Y12 Y25 Y37 Y67 Y111
0.023 0.050 0.120 0.154 0.261

 

The above approach has some limitations. Firstly, it is only giving us the mid-point of a range of possibilities for the generations of separation. The fewer the markers used, the wider this range is, and the less reliable the estimate.

 

Secondly, the above calculations assume that the prior probabilities of each number of generations of separation are this same. Some of our ancestors had vastly more male line descendants than others however (as can be observed by looking at haplogroup sizes). If a DNA tester has a very large number of 40th cousins then, just by chance, some of them are likely to have descents with similar mutations, and to have much closer genetic differences than are predicted.

 

Quickly and Slowly mutating markers

 

As shown in the tables above, individual Y-STR markers vary widely in their mutation rates.

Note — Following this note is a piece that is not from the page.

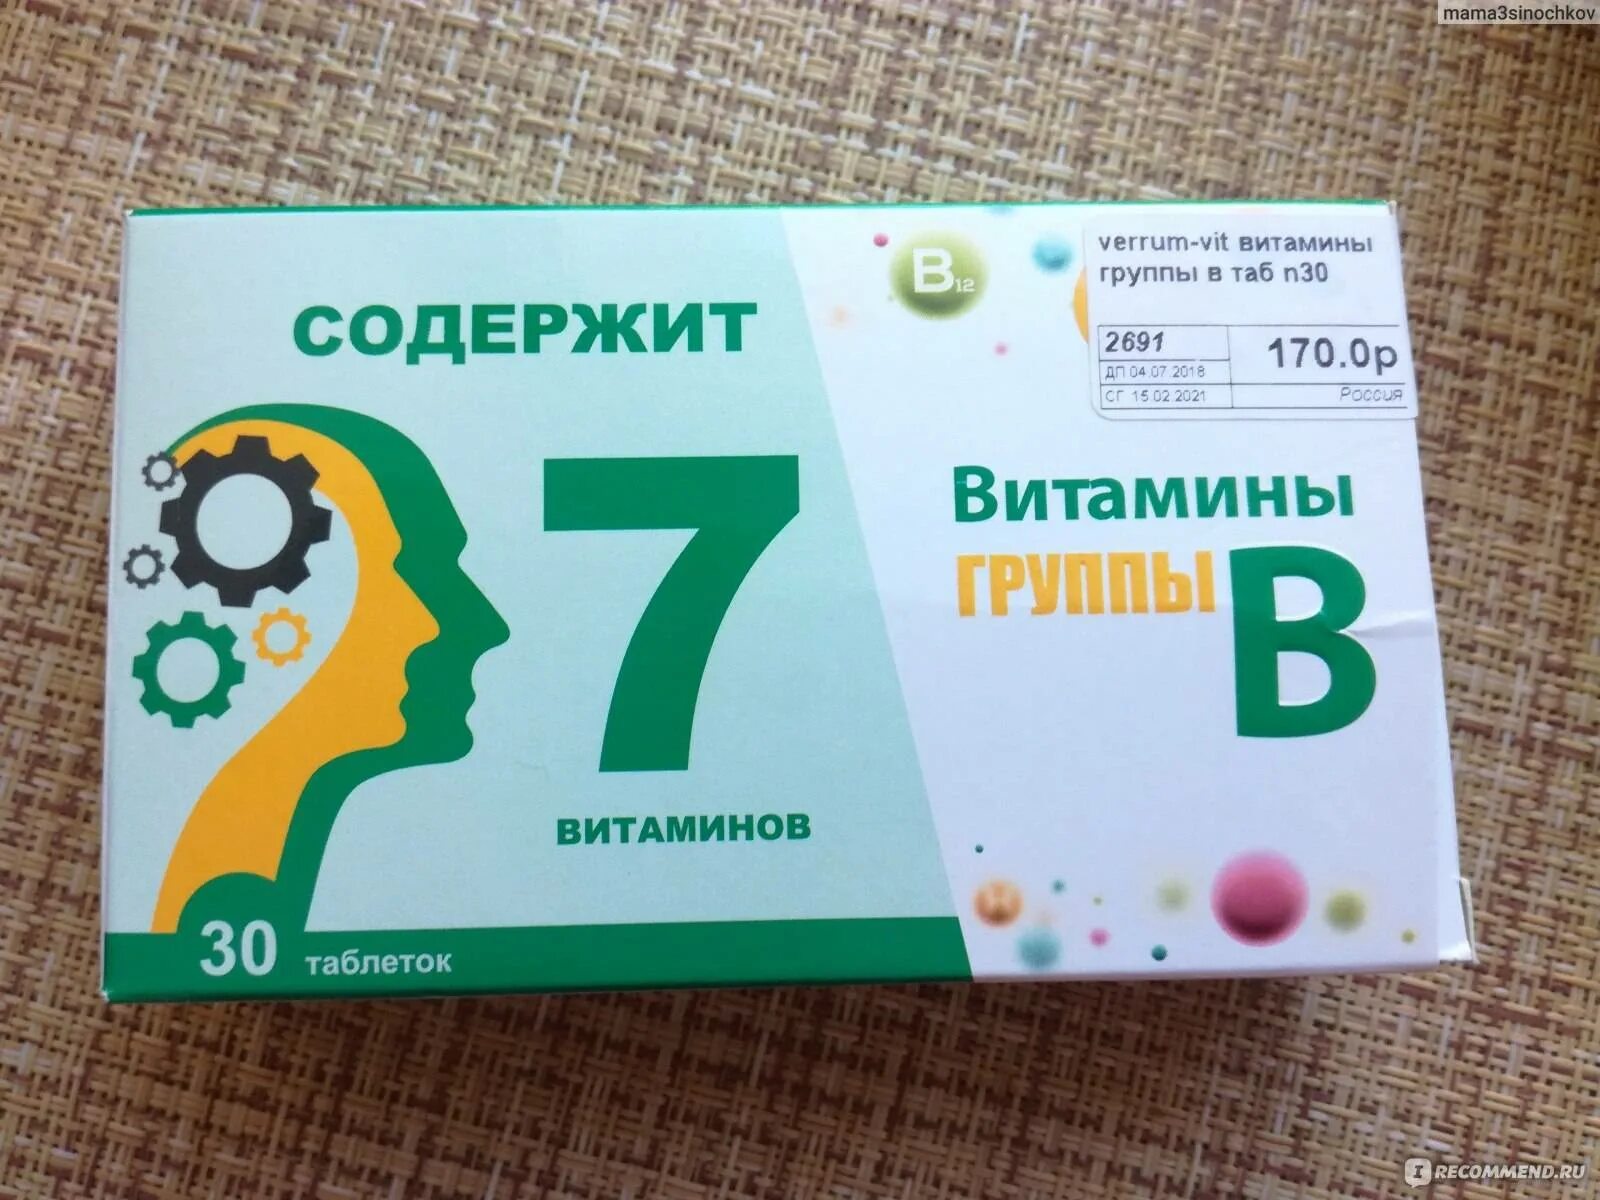 Купить витамины беларусь. Витаминный комплекс в12 в6. Комплекс витаминов в2 в6 в12. Витаминный комплекс в6 в9 в12. Витамины б1 б6 б12 в таблетках.
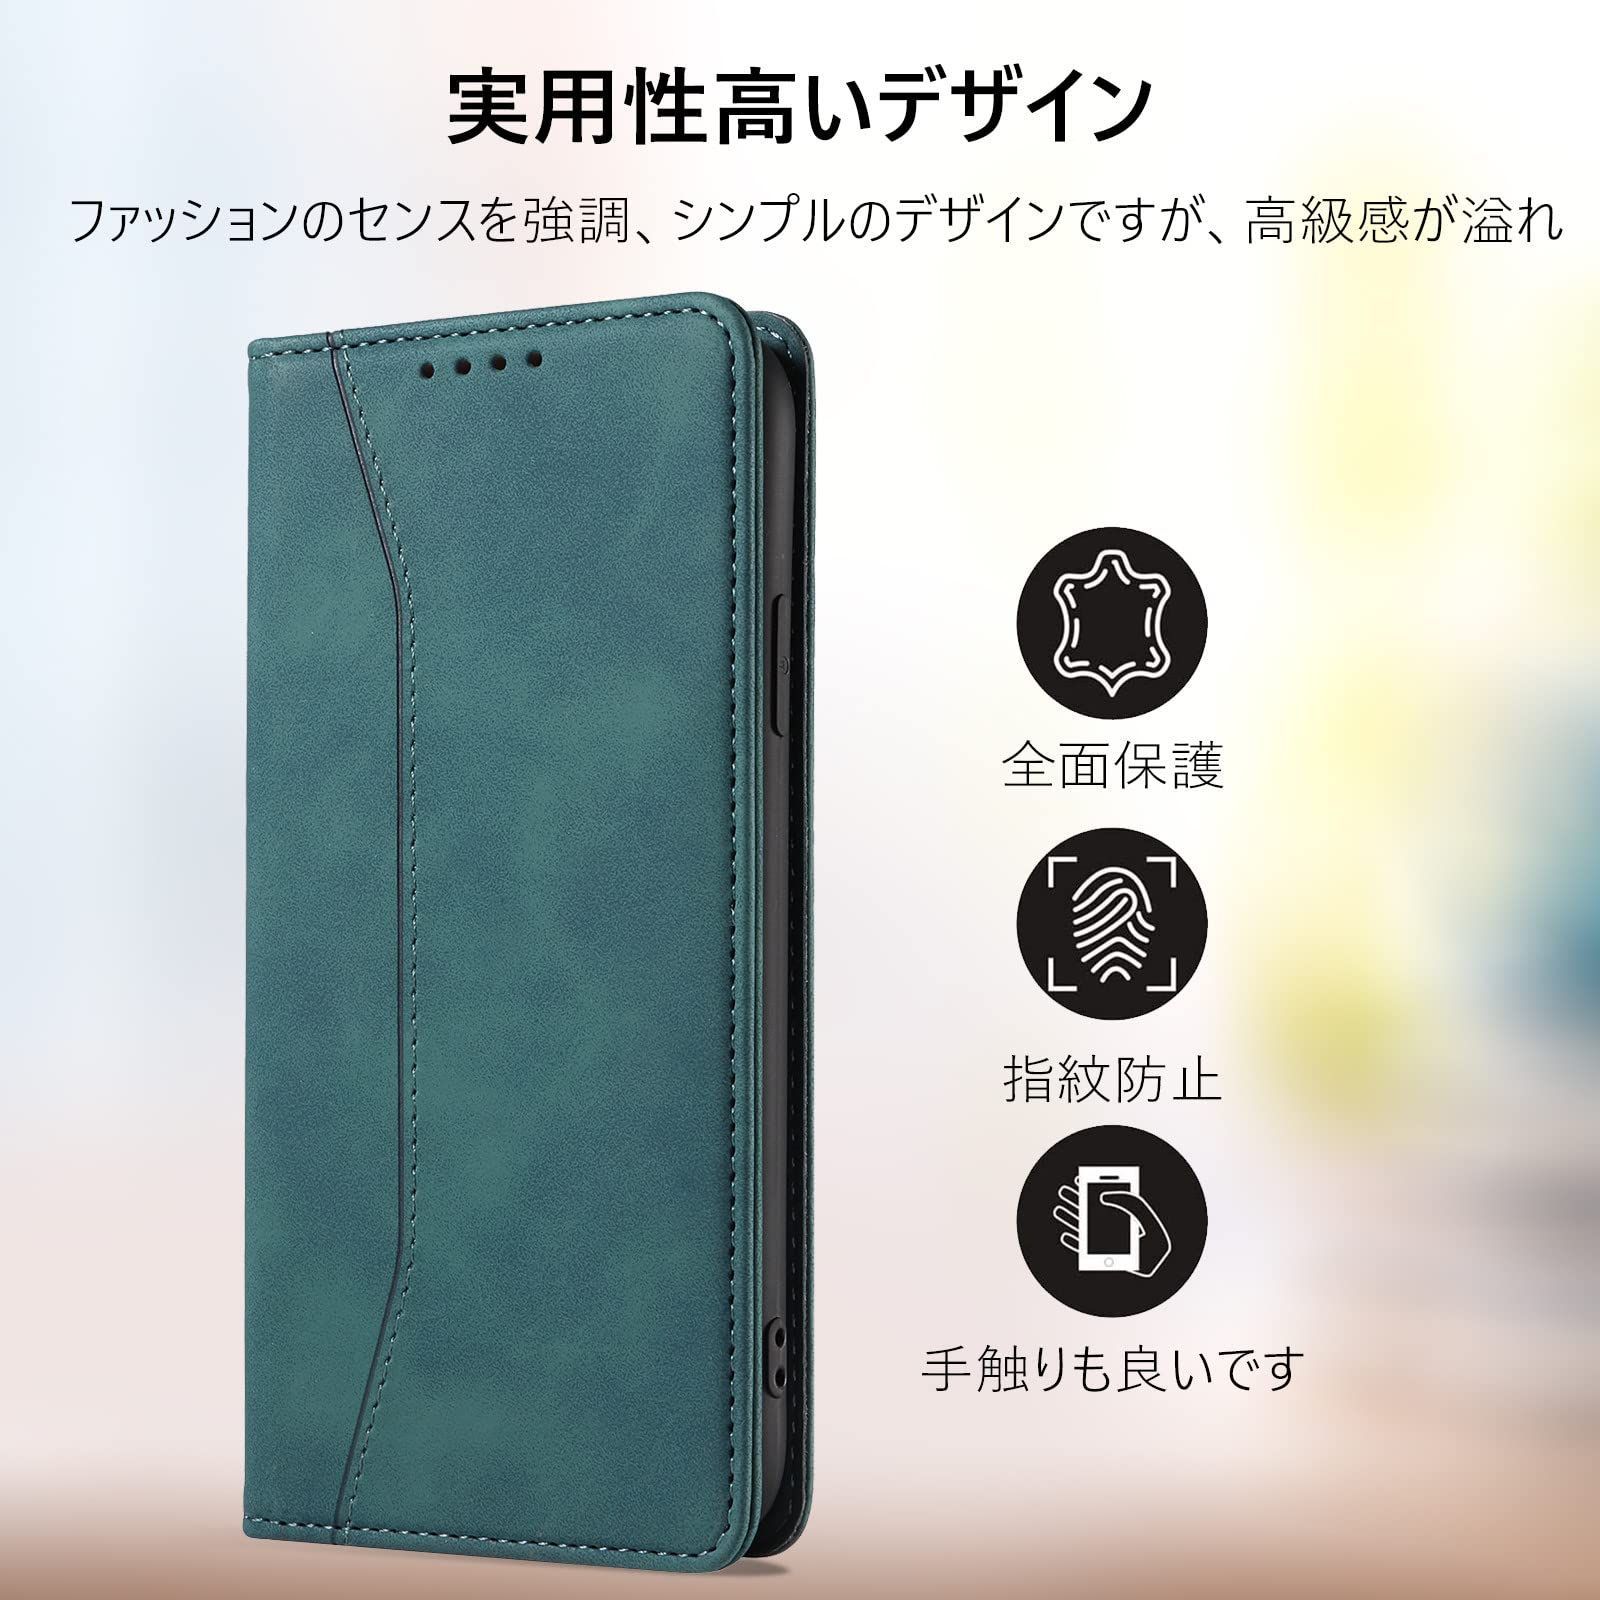 数量限定】【iPhone 7Plus/8Plus通用手帳ケース】iphone 8 plus ケース

Slower changing markers are useful in determining haplogroups, whilst faster changing markers are needed to understand more recent ancestry. The most rapidly changing 10 markers from the Y111 set are given below, together with their corresponding probabilities of mutating each generation.

 

CDY DYS710 DYS712 DYS576 DYS449 DYS570 DYS714 DYS650 DYS458 DYS534
0.03531 0.01828 0.01638 0.01240 0.00998 0.00928 0.00773 0.00758 0.00703 0.00686

 

Other factors affecting mutation rate

 

Other factors including the mutation rate can include the specific allele (i.e. the current repeat count for the marker) and the father's age. Different allele values also occur with significant different frequencies (see the Y-Chromosone STR Haplotype Reference Database for some examples).

 

Specific haplogroups will have predominant values for slower changing markers, reflecting the Y-STR profile of the common ancestor which they are defined by. This means that mutation rates for a given marker will tend to be similar within a haplogroup, and that more weight can be given to matches for alleles which are rare within that haplogroup.